Nicaragua : un « sandinisme » de compromis

Dégager le pays de l’orbite des Etats-Unis

, par CDATM

Résolument anti-impérialiste, Daniel Ortega continue d’afficher sa position critique vis-à-vis des Etats-Unis. Soutenu par le Venezuela, il cherche une meilleure intégration dans le continent sud-américain et noue des relations commerciales et industrielles diversifiées dans diverses parties du monde.

La situation géopolitique du pays, au centre de la région « Amérique Centrale », en fait un enjeu régional essentiel. Au XIXème siècle, l’intérêt des Etats-Unis était attisé par les projets de canal transocéanique (délaissé ensuite au profit du Panama). Plus tard, au XXème siècle, le « grand voisin du nord » conserve la doctrine Monroe [1]et veut garder le contrôle du Nicaragua qu’il considère comme un rempart contre le communisme, et qu’il utilise pour intervenir dans les pays avoisinants.

En outre, cette position géographique « centrale » du pays en fait un lieu de passage entre le sud du continent (producteur de drogue) et le nord (consommateur), c’est là une source de violence et de corruption, mais aussi, de la part des Etats-Unis, un sujet supplémentaire d’inquiétudes et un prétexte pour conserver des moyens de surveillance.

Depuis 2007, se tournant vers ses voisins du sud, le Nicaragua est membre de l’ALBA, la zone de coopération économique entre plusieurs États d’Amérique latine, créée en 2005, à l’initiative du président du Venezuela, en opposition avec la ZLEA lancée par les Etats-Unis.
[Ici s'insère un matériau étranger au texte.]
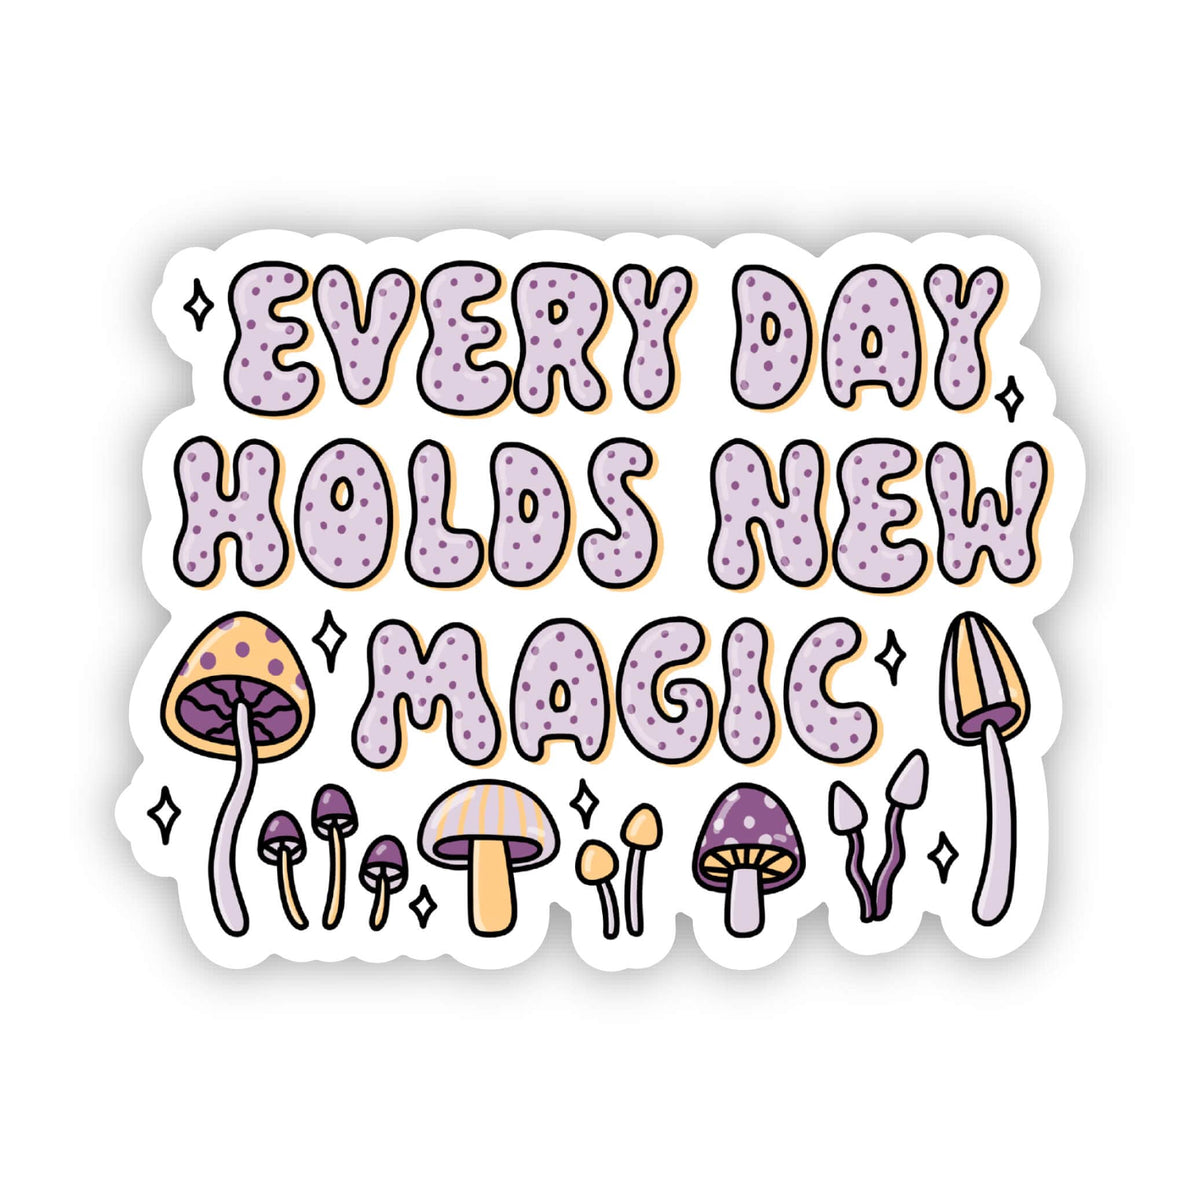 &quot;Every day holds new magic&quot; sticker
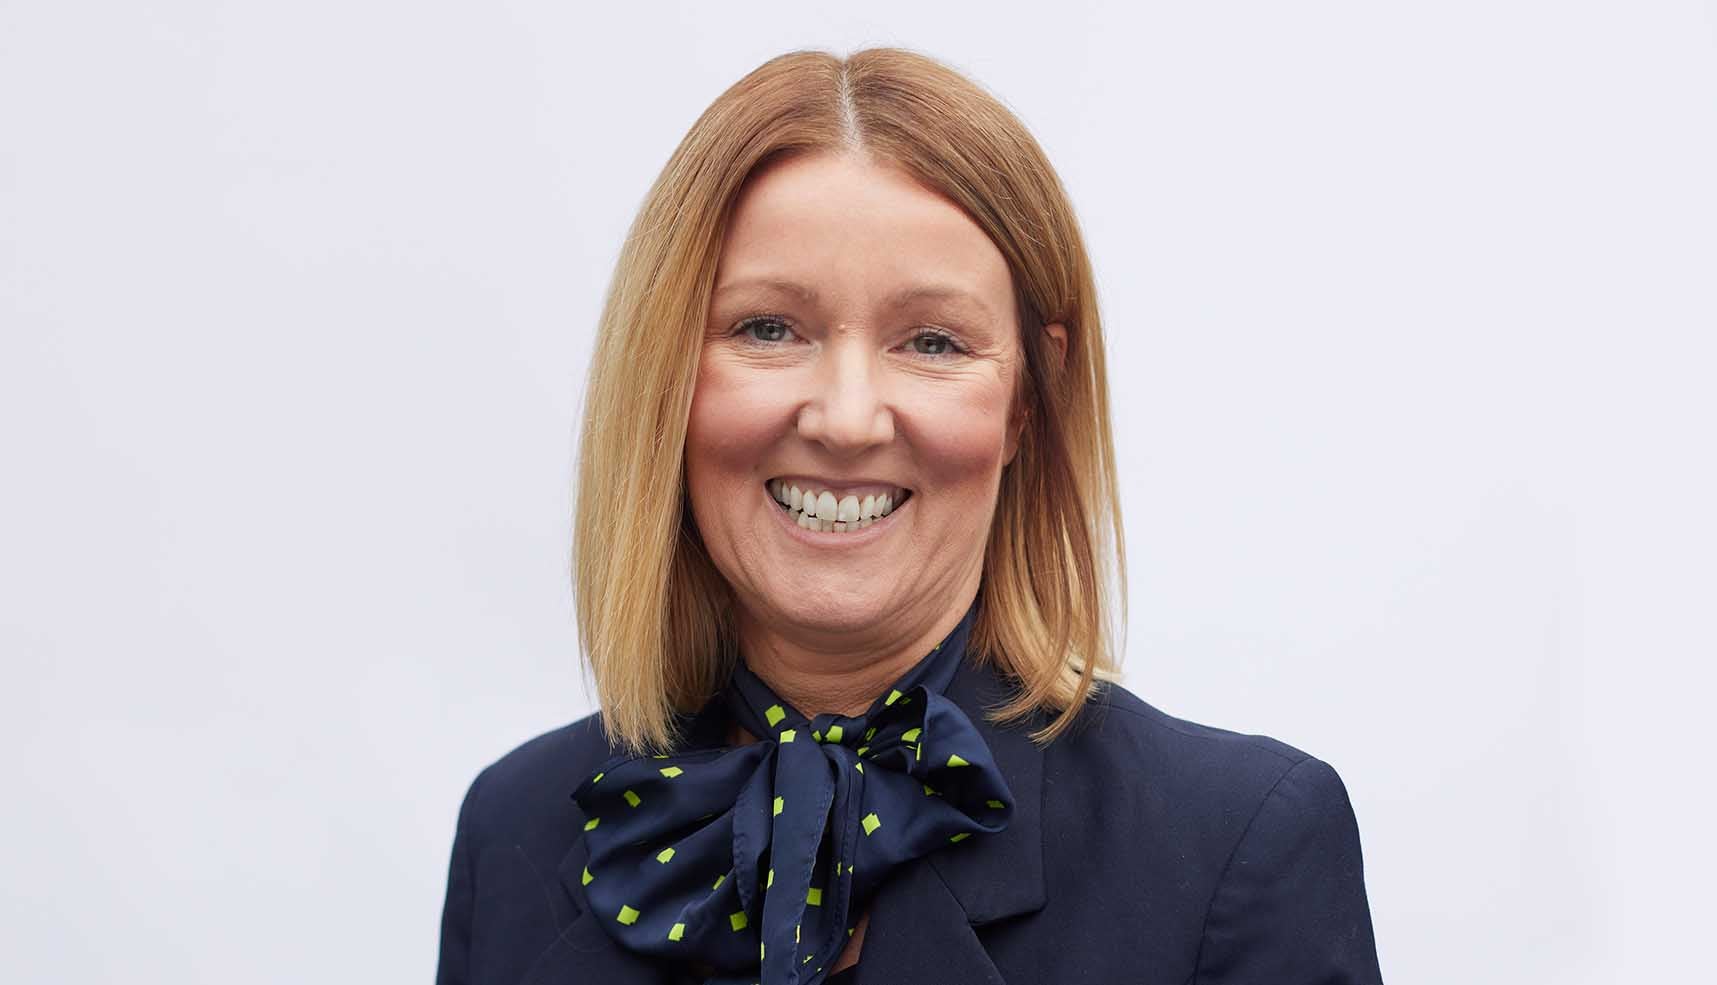 Yarm's Branch Manager, Bev. Smiling in front of a white background.

Outre les liens privilégiés avec le Venezuela, les échanges économiques et culturels avec les autres Etats d’Amérique latine s’intensifient (par exemple, un accord commercial avec le Chili en novembre 2012, une décision, en octobre 2013, d’importer du riz paddy du Brésil et de l’Uruguay, alors qu’il était habituellement acheté aux Etats-Unis).

Le Nicaragua est aussi lié à l’Europe. L’Union européenne est le premier partenaire au développement du Nicaragua. Plus de 30 % de l’aide communautaire destinée à l’Amérique centrale bénéficie à ce pays, qui reçoit une aide publique au développement équivalente à 11,5 % de son PIB.

Récemment, des accords commerciaux ont été conclus avec la Russie (août 2013) et, en novembre 2013, une mission en Allemagne, France et Angleterre avait pour but de promouvoir les investissements directs étrangers.

Mais le Nicaragua a une façade maritime sur le Pacifique et se tourne aussi vers l’Asie. Avec Taïwan, un accord de libre échange (2008) s’est traduit par des augmentations d’exportations (viande et café) et, en 2013, un projet de construction d’un stade de baseball de 30 000 spectateurs est annoncé, requérant un investissement de 30 millions de dollars.

Plus récemment, c’est une société de Hong Kong qui aurait obtenu la construction d’un grand ouvrage. Ravivant le vieux rêve du Grand Canal, le Parlement a adopté (juin 2013) le projet d’un Canal inter-océanique, traversant le pays. Les études de faisabilité sont en cours : rival du Canal de Panama et plus large, il pourrait être utilisé par de plus grands navires. Il comporterait 190 km à travers terre et un trajet de 80 km dans le lac Nicaragua. Ce projet pharaonique suscite de fortes réticences, dans divers milieux, pas seulement écologiques (le lac est une immense réserve d’eau douce).

Notes

[1Du nom d’un ancien président, la « doctrine Monroe » (1823) fixe la diplomatie des Etats-Unis à l’égard de l’Europe et affirme trois principes : le continent américain est fermé à toute tentative de colonisation des puissances européennes ; l’intervention d’une puissance européenne sur le continent américain serait considérée comme une manifestation inamicale à l’égard des Etats-Unis ; en contrepartie, toute intervention américaine dans les affaires européennes serait exclue.